4. "(1) A party to arbitral proceedings may use the same court procedures as are available in relation to legal proceedings to secure the attendance before the tribunal of a witness in order to give oral testimony or to produce documents or other material evidence.

(2) This may only be done with the permission of the tribunal or the agreement of the other parties.

(3) The court procedures may only be used if

(a) the witness is in the United Kingdom, and

(b) the arbitral proceedings are being conducted in England and Wales or, as the case may be Northern Ireland.

(4) A person shall not be compelled by virtue of this section to produce any document or other material evidence which he could not be compelled to produce in legal proceedings."

5. Determination of rules of procedure:

(1) Subject to the provisions of this Law, the parties are free to agree on the procedure to be followed by the arbitral tribunal in conducting the proceedings.

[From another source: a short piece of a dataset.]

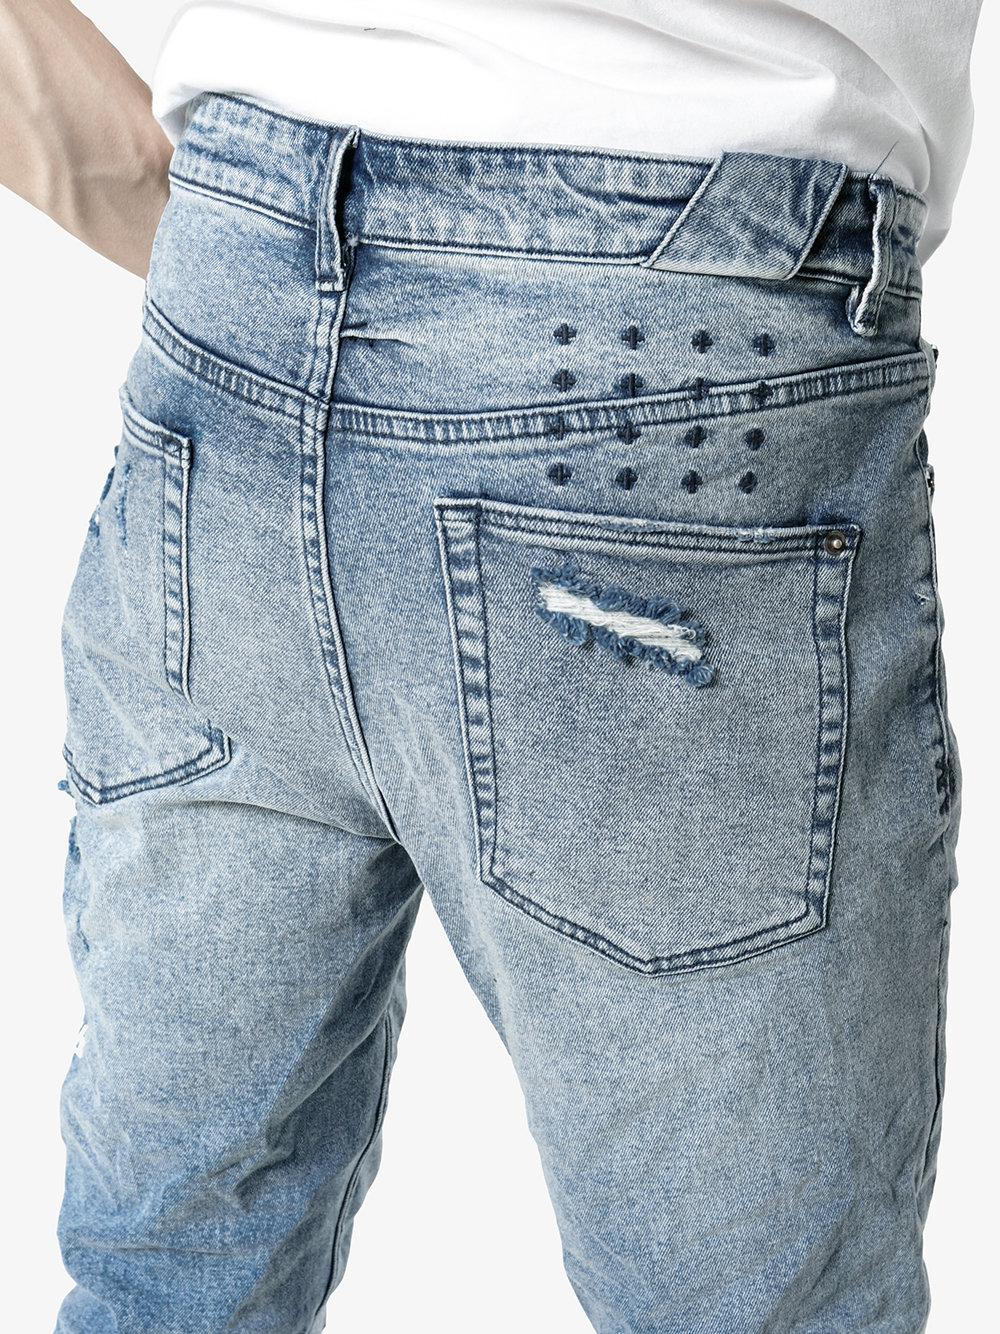 Ksubi Denim Chitch Underground Jeans in Blue for Men - Lyst

(2) Failing such agreement, the arbitral tribunal may, subject to the provisions of this law, conduct the arbitration in such manner as it considers appropriate. The power conferred upon the arbitral tribunal includes the power to determine the admissibility, relevance, materiality and weight of any evidence.

6. As found, for example, in Article 19 (2) to "conduct the arbitration in such manner as it considers appropriate."

The content of this article is intended to provide a general guide to the subject matter. Specialist advice should be sought about your specific circumstances.